O'er those roof falls look recent, been to that place not long ago and didnt see those.


----------



## nelly (Mar 24, 2011)

Nice!!!

That 5th shot is absolute quality, I love reflection shots


----------



## sYnc_below (Mar 25, 2011)

davetdi said:


> O'er those roof falls look recent, been to that place not long ago and didnt see those.



They have been there years.


----------



## davetdi (Mar 25, 2011)

tocsin_bang said:


> They have been there years.



ok, must had missed them then!

how far did you venture in as it must be pretty wet down there at the moment?


----------



## V70 (Mar 25, 2011)

Very nice, well lit shots.

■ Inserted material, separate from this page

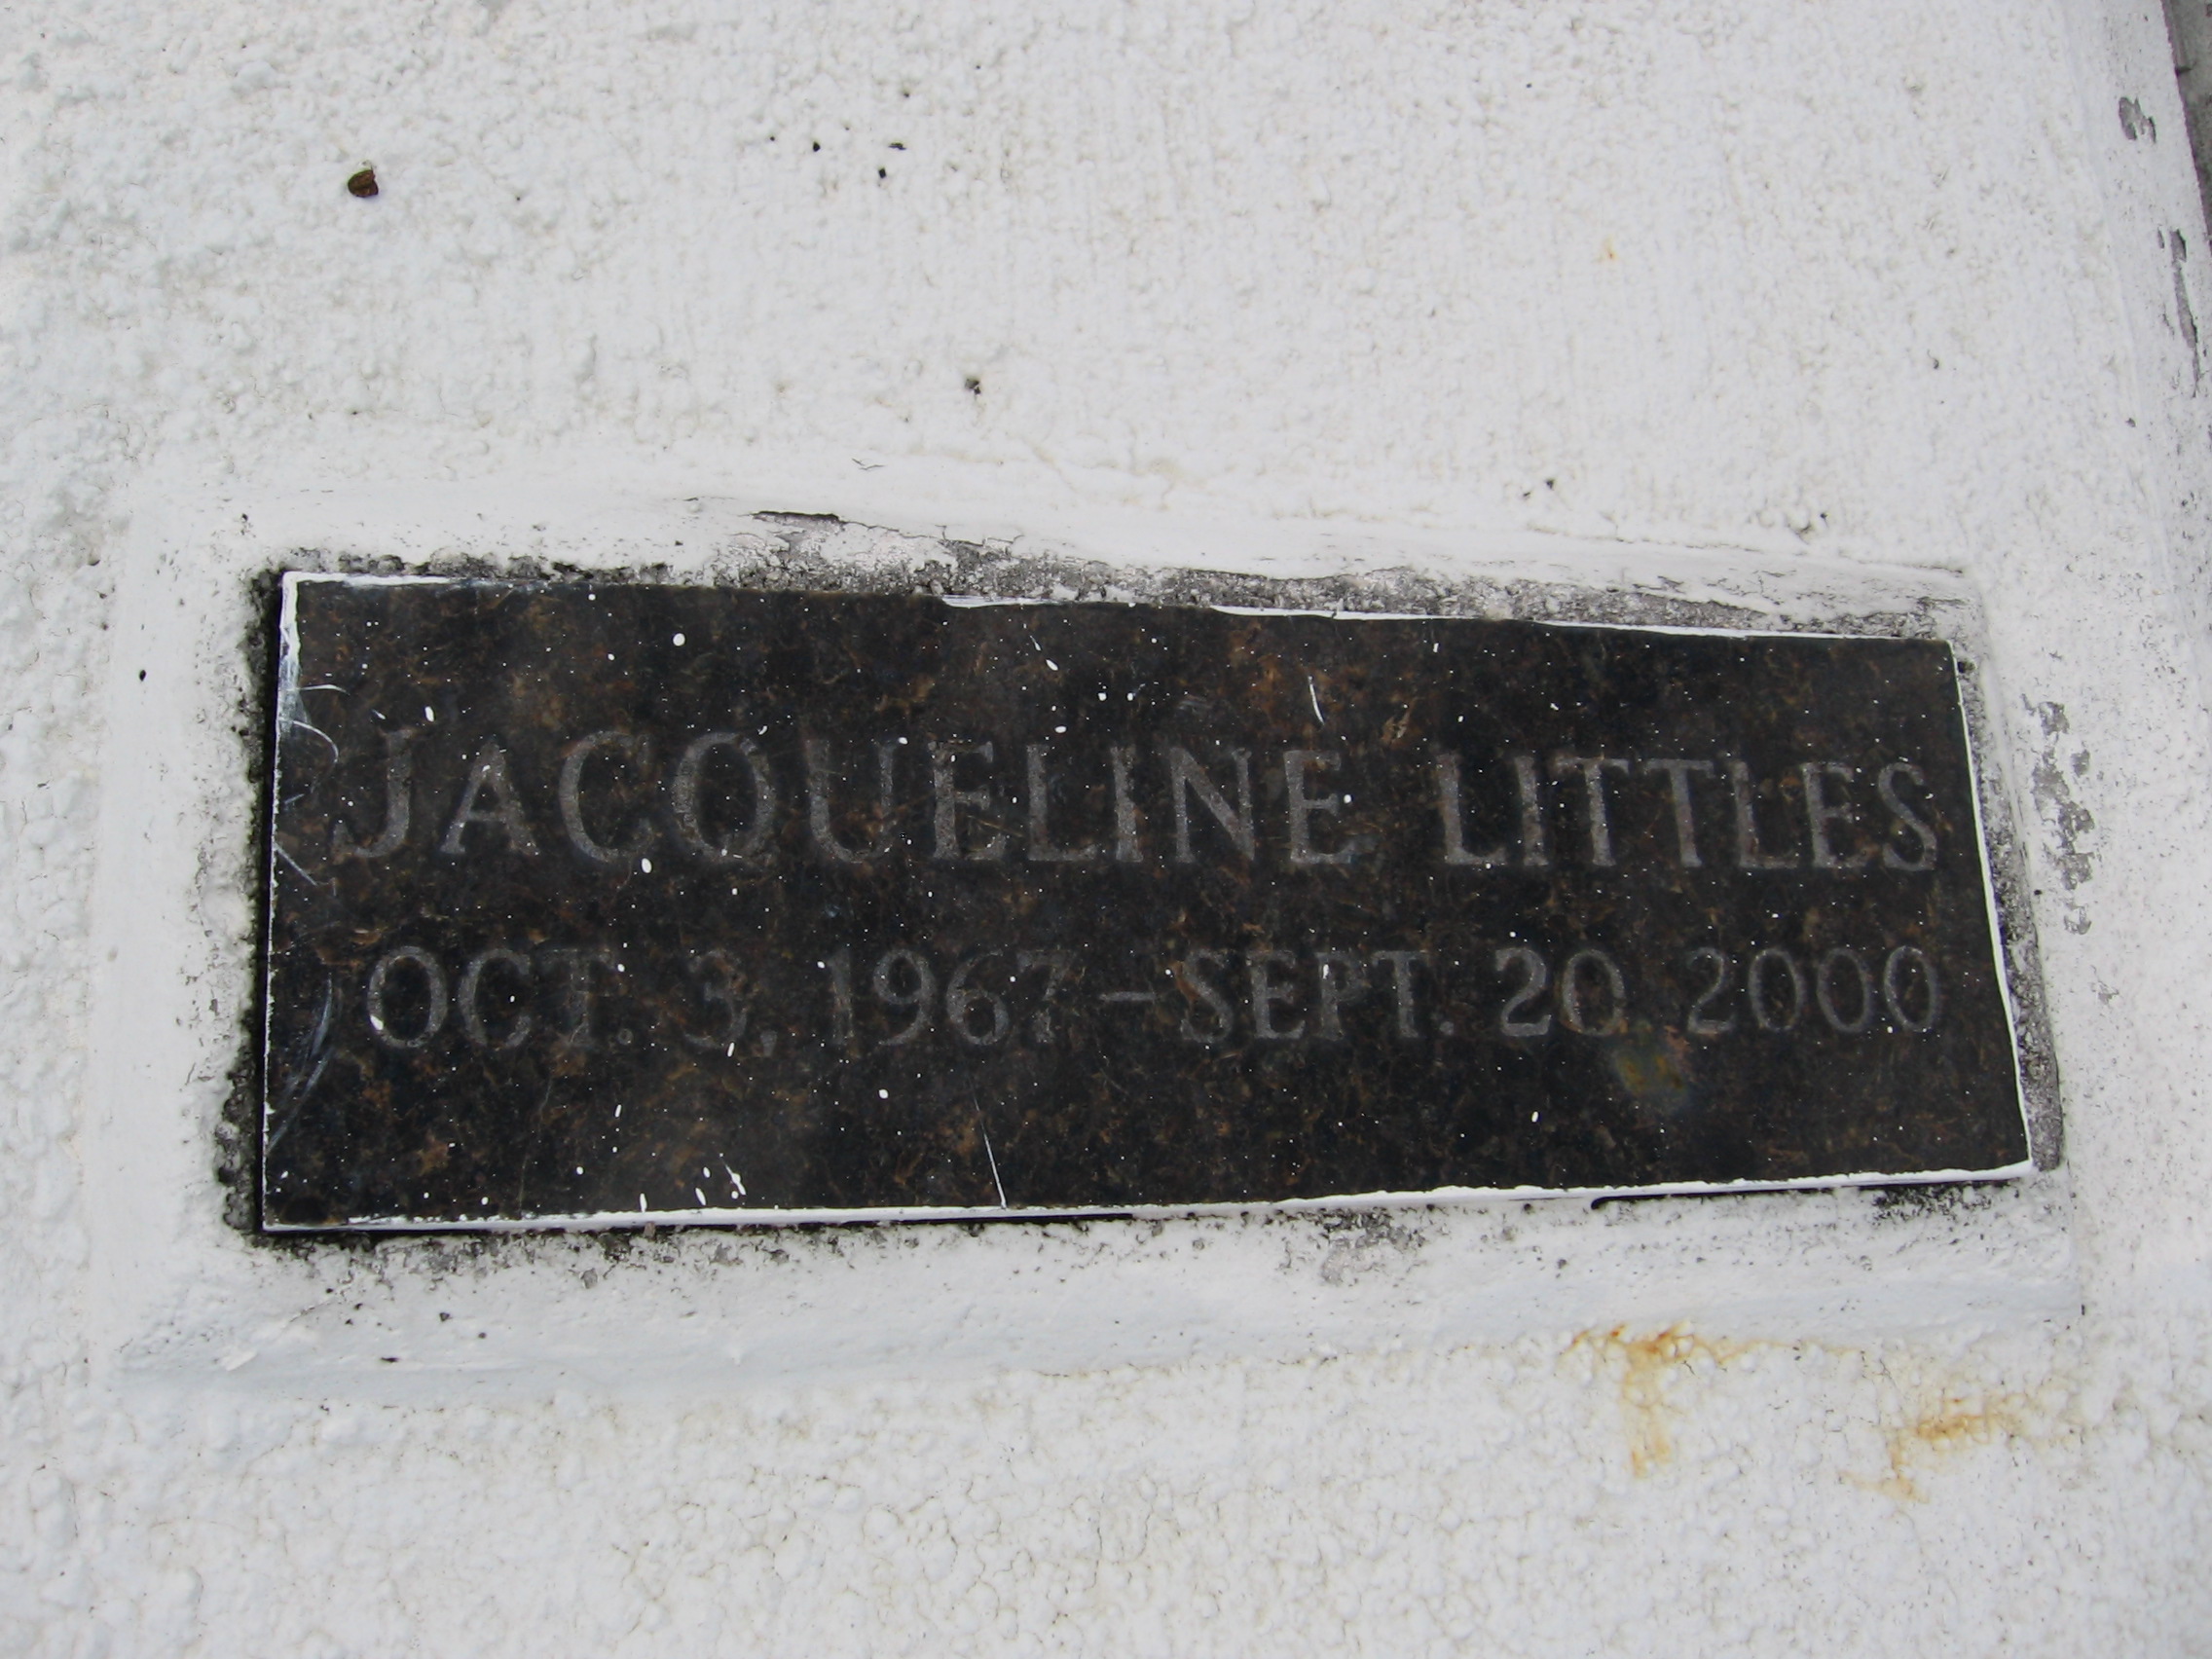 Jacqueline Littles

I especially like the pic of the flooded tunnel


----------



## Parkus. (Mar 25, 2011)

Fascinating, as per usual 

Could the blue/purple be calcium carbonate? Although saying that is looks more slate-like.


----------



## TeeJF (Apr 2, 2011)

Awesome pics, awesome place!


----------



## swanseamale47 (Apr 2, 2011)

Great pics thanks for sharing, wouldn't mind some more info on the led light though.


----------



## sYnc_below (Apr 2, 2011)

swanseamale47 said:


> Great pics thanks for sharing, wouldn't mind some more info on the led light though.



You've got mail


----------



## filmknight (Apr 3, 2011)

Nice explore and pics. I hope I can find somewhere similar in my neck of the woods in Dorset.


----------